Bombay HC nod for NSEL merger, FTIL to challenge order

Bombay HC dismisses a plea filed by FTIL opposing the merger with its unit NSEL. FTIL says will move to SC to challenge the order
Jayshree P. Upadhyay
As the merger order has now been upheld by the Bombay high court means that the outstanding liabilities of NSEL, which currently stand at Rs5,269 crore (after some repayments to small investors), will be absorbed by parent company FTIL. Photo: HT
As the merger order has now been upheld by the Bombay high court means that the outstanding liabilities of NSEL, which currently stand at Rs5,269 crore (after some repayments to small investors), will be absorbed by parent company FTIL. Photo: HT

Mumbai: The Bombay high court on Monday dismissed a plea filed by 63 Moons Technologies Ltd or Financial Technologies India Ltd (FTIL) opposing the merger with its unit National Spot Exchange Ltd (NSEL), thereby giving a green signal to the merger of the two.

FTIL, however, in a statement said that it will challenge the high court order. “The Honourable Bombay High Court has dismissed our writ petition. However, it has granted 12-week stay on the operation of the merger order. We will be moving the Supreme Court during this 12-week period. We have full faith in the judiciary and continue to believe that ultimately the truth and justice shall prevail, ” said a 63 Moons Technologies spokesperson in an e-mailed statement.
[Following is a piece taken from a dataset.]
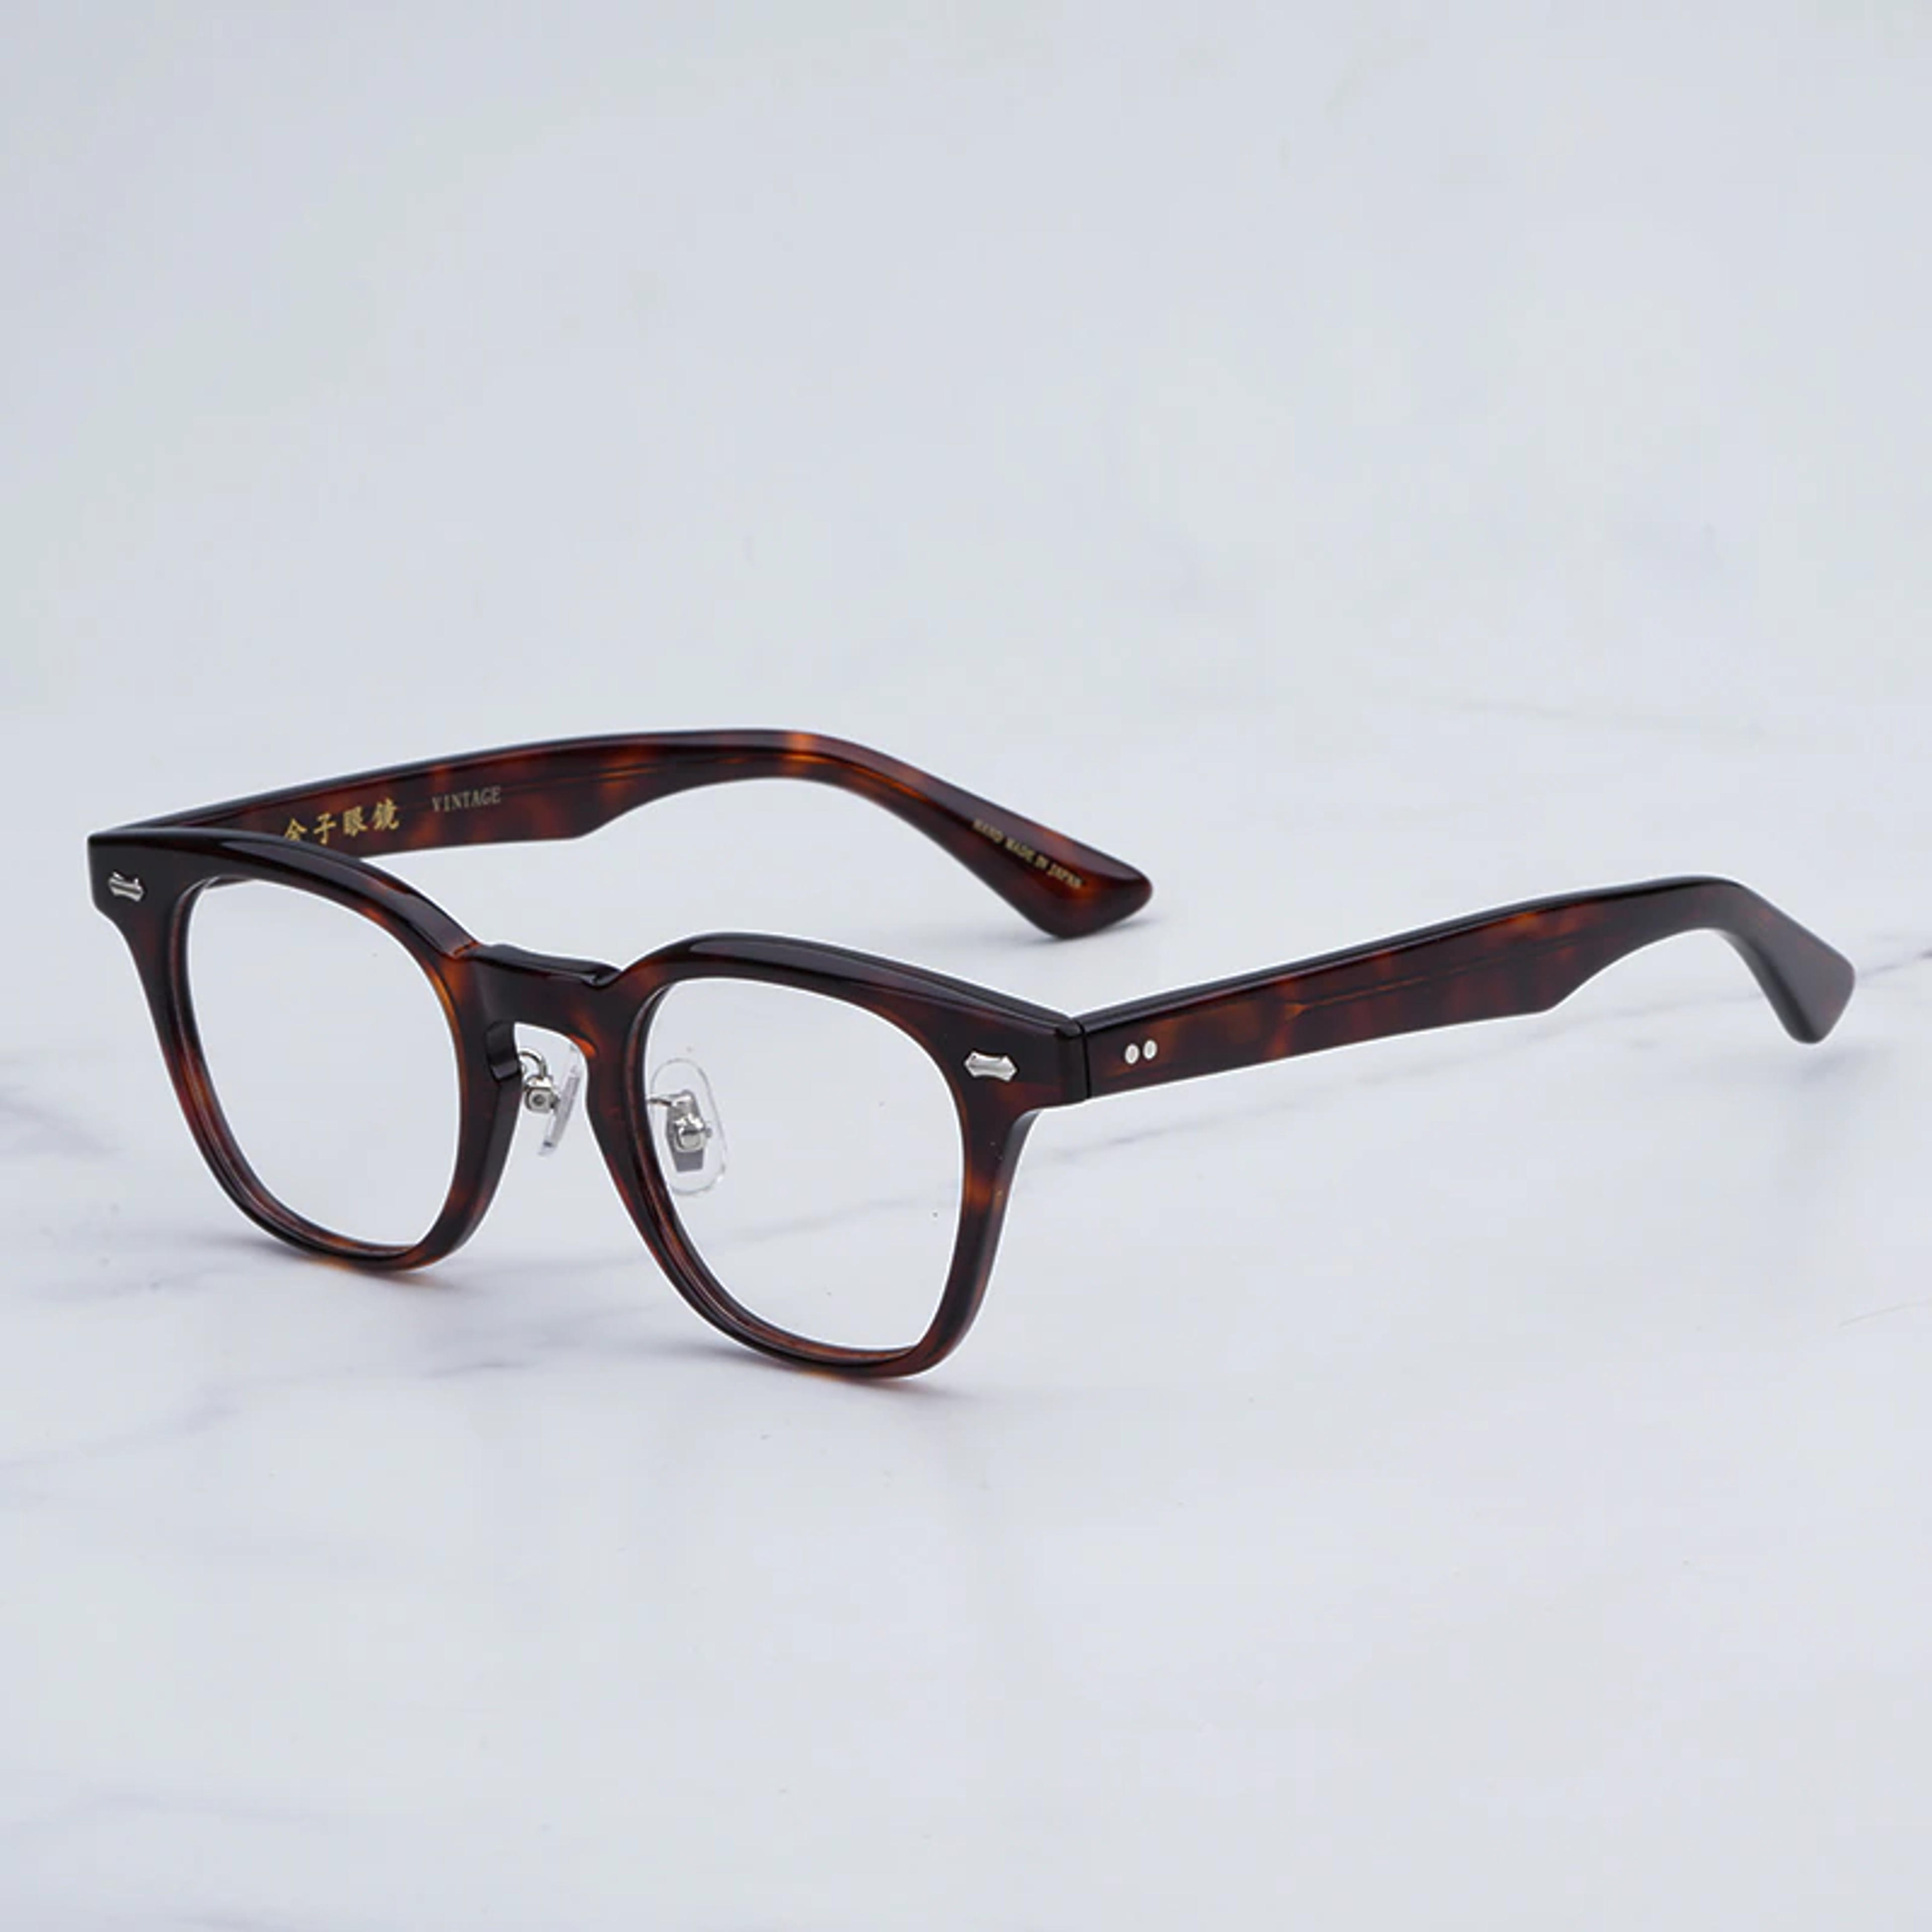 Japanese Eyeglass Frames Brands | Round Tortoise Eyeglass Frames - Acetate - Aliexpress

The ministry of corporate affairs (MCA) on 12 February 2016 had ordered a merger between FTIL and NSEL making FTIL responsible for the liabilities of the fraud-hit commodities bourse. It’s the first time that the government had forced a merger between two private entities, using a provision of the Companies Act that allows it do so in public interest.

Controlled by entrepreneur Jignesh Shah, FTIL owns 99.99% of NSEL, on which trading was suspended after a Rs5,574.35 crore fraud at the latter came to light in July 2013.

As the merger order has now been upheld by the Bombay high court means that the outstanding liabilities of NSEL, which currently stand at Rs5,269 crore (after some repayments to small investors), will be absorbed by parent company FTIL.

The merger was first recommended by the commodities market regulator Forward Markets Commission (FMC) and has also been demanded by investors affected by the fraud at NSEL. FMC has now been merged with the Securities and Exchange Board of India (Sebi).

The MCA directive in February 2016 was after a draft order issued on 21 October 2014, wherein the government proposed to merge the two entities in public interest, forcing FTIL to assume all the liabilities of NSEL and also making it a party to all contracts and agreements entered into by NSEL.

FTIL had challenged the constitutional validity of Section 396 of the Companies Act, 1956, under which the government proposed to merge the two entities in public interest.

The interest of the 13,000 clients of the brokers who traded on the NSEL platform for higher returns cannot be termed as public interest when 66% of the entire outstanding amount is being claimed by just 6% of the trading clients, FTIL had argued.

NSEL investors have been pushing for a merger between the two entities and want FTIL to assume the liabilities of NSEL.